While the payroll function and services market likely weren’t among the first AI or RPA candidates written on white boards in innovation labs, this obvious level of interest might suggest a “can’t see the forest through the trees” dynamic operating in some of those innovation labs. Back-office corporate functions such as payroll are in fact fertile ground for RPA and intelligent automation overall, given the preponderance of recurring manual tasks and transactions not dependent on person-to-person interaction.

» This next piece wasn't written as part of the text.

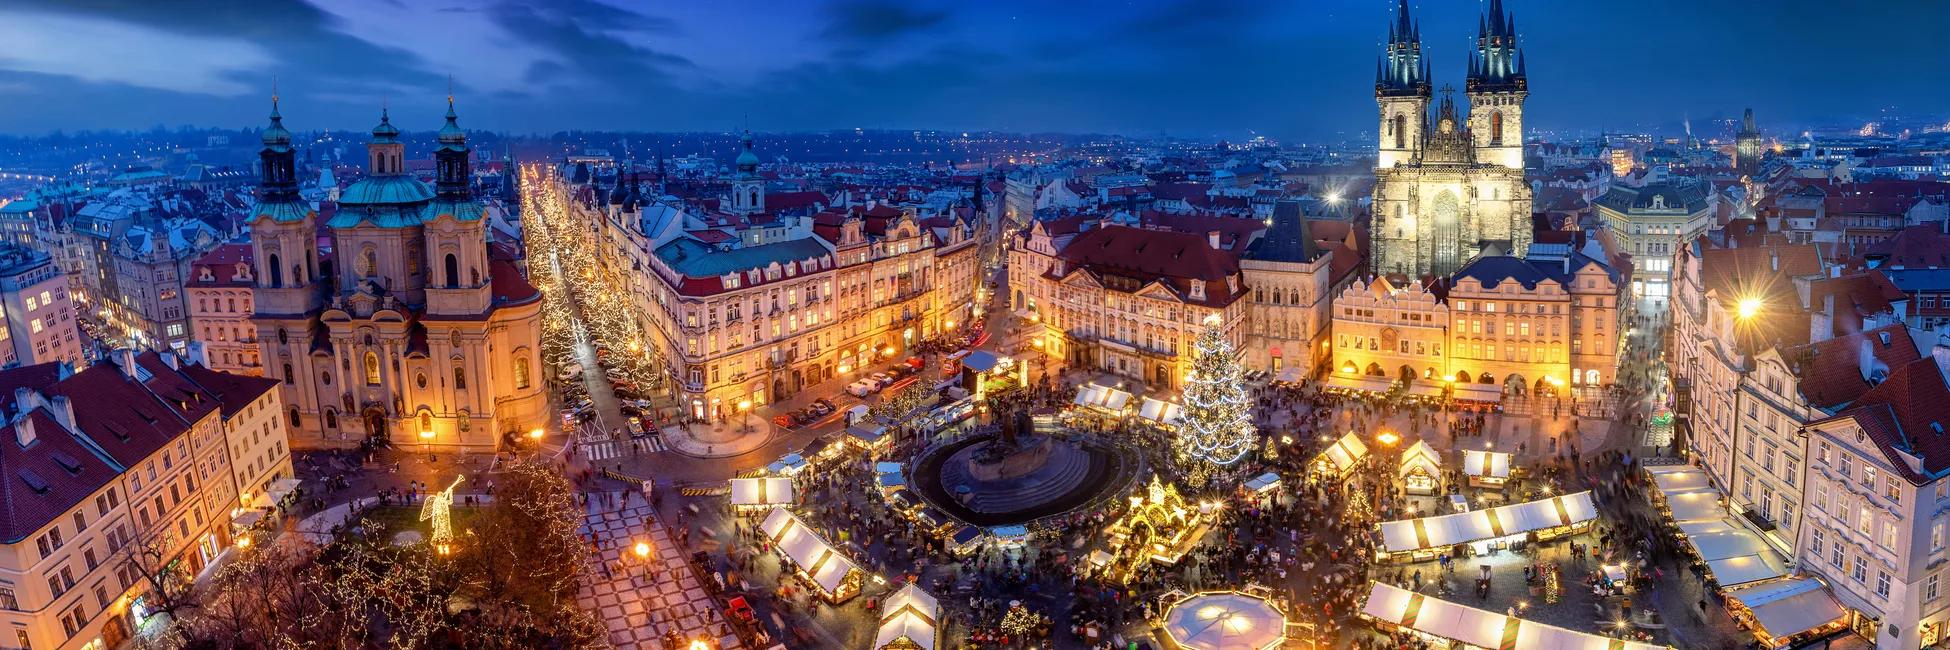 Le grand marché de Noël de Prague

Innovation labs are now on the case.

The speaker for this session called “Prepare Your Teams for the Future of Payroll: Robotics, Automation & Shared Services” was Brian Radin, President of global payroll services provider CloudPay and long-time entrepreneur in the HR Tech space as well. Brian immediately got everyone’s attention by factually reporting that the number of bank teller jobs did not decrease in the years following the introduction of ATM machines. Teller numbers actually went up due to shifting staff costs to support new, higher value services within retail branches, which ultimately allowed more local branches to open up, tellers in tow.

Using AI in the realm of HR operations, including cognitive computing and RPA (Robotic Process Automation) or bots, has been explored in my blog posts and also a recent POV. Radin’s session focused specifically on AI’s current and future use in payroll operations, including via services providers like CloudPay and over a dozen others to be profiled in my HfS Blueprint Report “Payroll-as-a-Service: 2017” (published this July).  

Some Easy Questions, Some Hard Ones

Radin’s talk directly addressed some key questions about “AI in Payroll”; e.g., how can (or will) these capabilities help payroll clients spend less time on manually intensive, routine or recurring tasks, ones that machines can often handle with more alacrity? And are there other tasks where resourcing can be toggled between human and bot staff depending on availability? Here the presenter highlighted examples like data validations and checks pre and post-payroll run (payroll has quite a few of those), machines fixing errors or automating the consolidation of data, and of course, chatbots to answer recurring questions like “what is my accrued PTO?” or “when will I receive my first check?” (Questions which come up hundreds of times per year.) Allowing RPA tools to handle these will benefit clients of providers like CloudPay and any other vendor investing in these capabilities. And as far as highlighting a “resourcing agnostic” (bot or person) type of activity in payroll, the example given was using people or bot staff to train new staff.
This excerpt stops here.